THE HISTORY OF LOW DOCS
The flagship product for self-employed borrowers – the low doc loan – was first introduced by the non-bank sector to target cashed-up businesses or businesses that could not provide adequate financial documentation to satisfy the banks that they had the capacity to service a loan.
Back in the early days, low doc loans were offered at a premium of as much as 2 per cent above full doc rates. There were also more conservative LVRs, as low as 60-70 per cent around eight years ago.
In subsequent years, rates fell to near parity with full doc loans and LVRs soared to as high as 95 per cent or more.
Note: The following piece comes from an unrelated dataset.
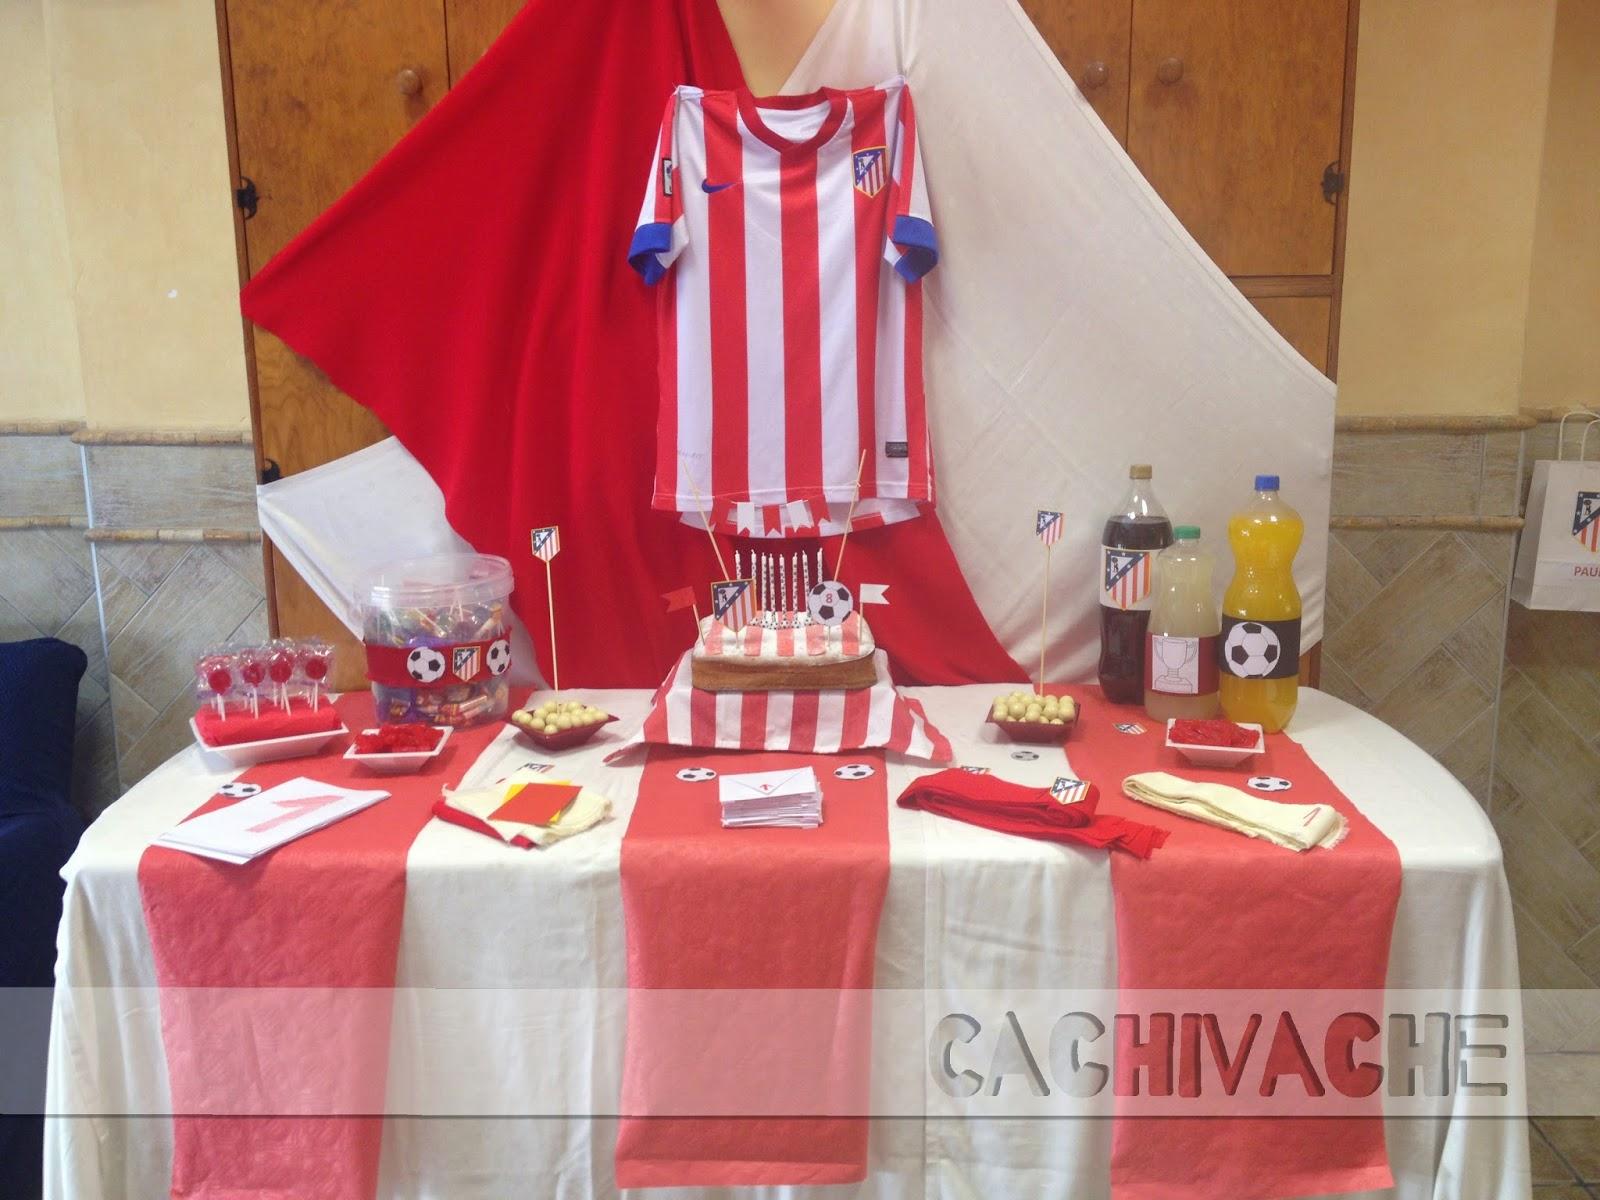 Fiesta de cumplea os atletico de madrid - Decoracion madrid ...

But the wheels came off low doc lending when the global financial crisis hit. Funding dried up, banks
re-thought their loan portfolios and the reckless lending practices of our American cousins made low doc lending a riskier and unappealing proposition.
Research by Genworth Financial revealed a dramatic decline in the number of low doc loans issued in the last 12 months, from 24 per cent in August 2008 to 8 per cent the same time this year.
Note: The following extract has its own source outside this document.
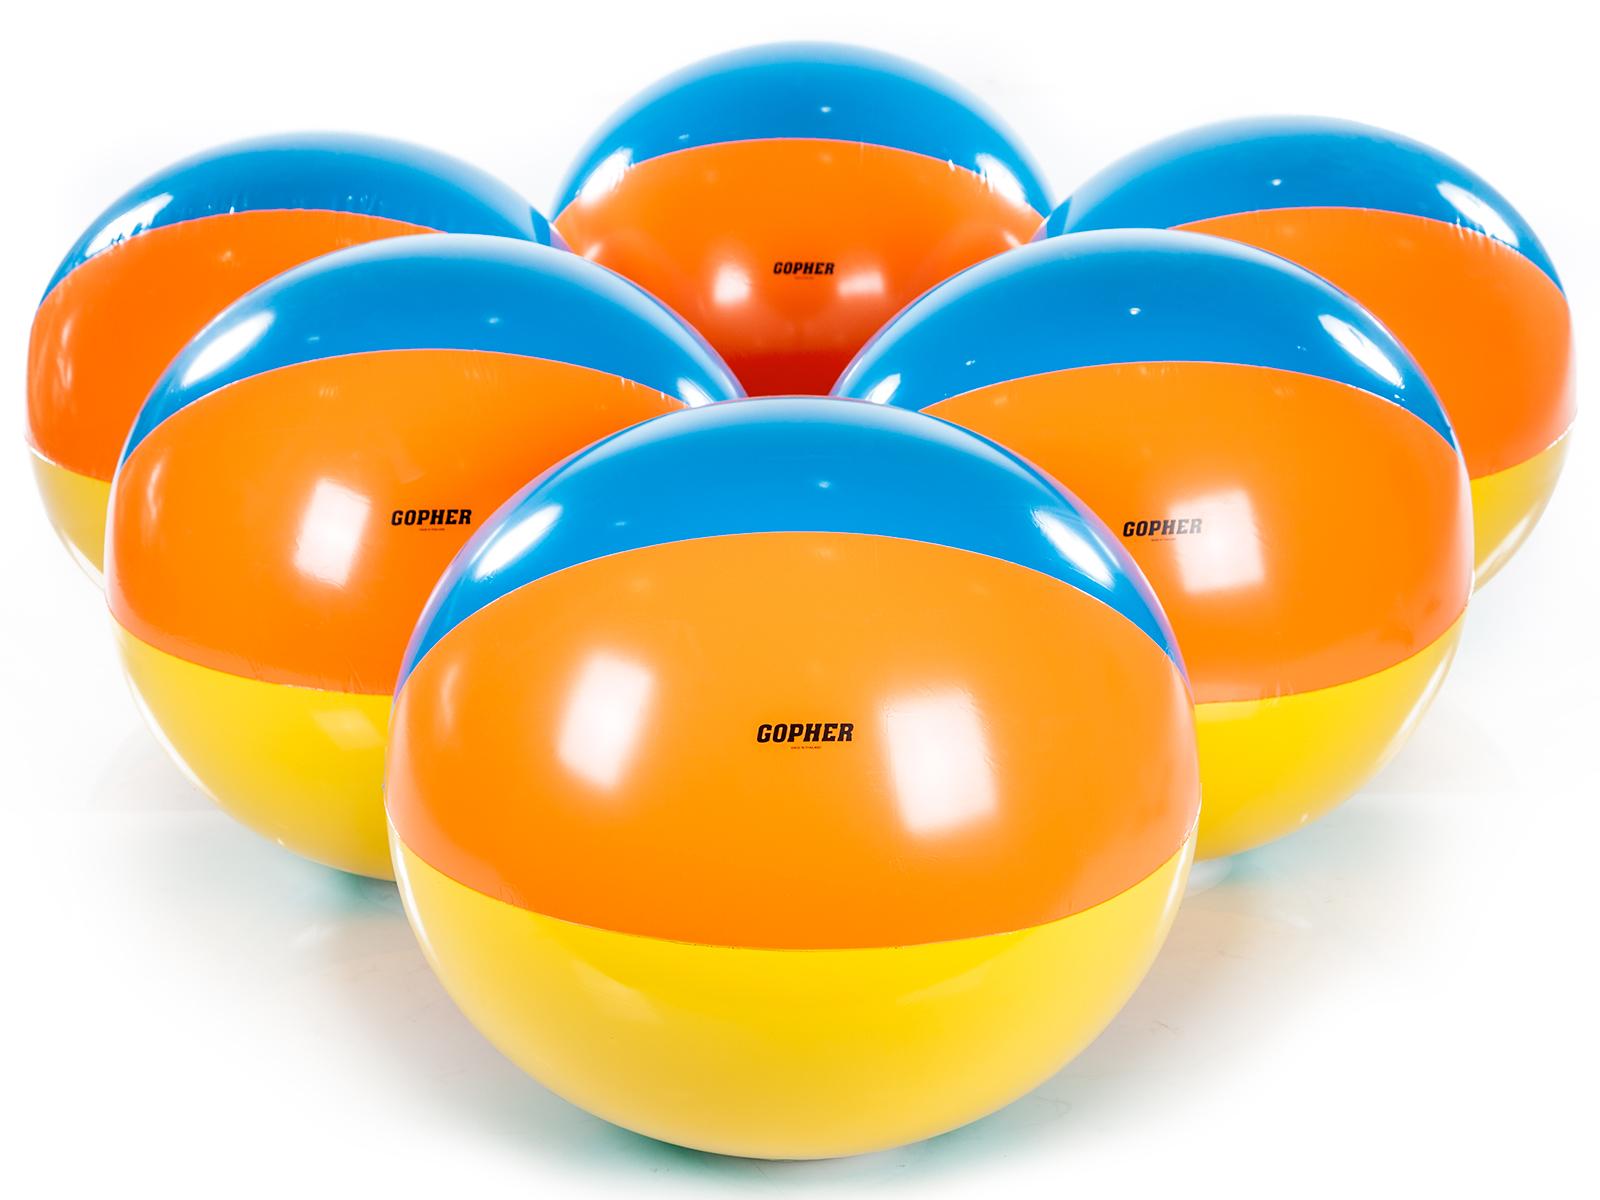 1600x1200 Standard Beach Balls

And self-employed borrowers have suffered as a result.
Late last month, the last remaining mainstream low doc lenders – Westpac, St. George and RAMS – all tightened their lending policies for self-employed borrowers.
Each now requires low doc loan applications to be supported by at least one year’s worth of Business Activity Statements (BAS), with the most recent statement no more than three months old as at the date of application.
Genworth Financial chief risk officer Paul Caputo says self-employed borrowers account for 12 to 15 per cent of the company’s business, a significant decline from two or three years ago.
“We attribute the drop …. to the changes we made to our documentation requirements,” says Mr Caputo.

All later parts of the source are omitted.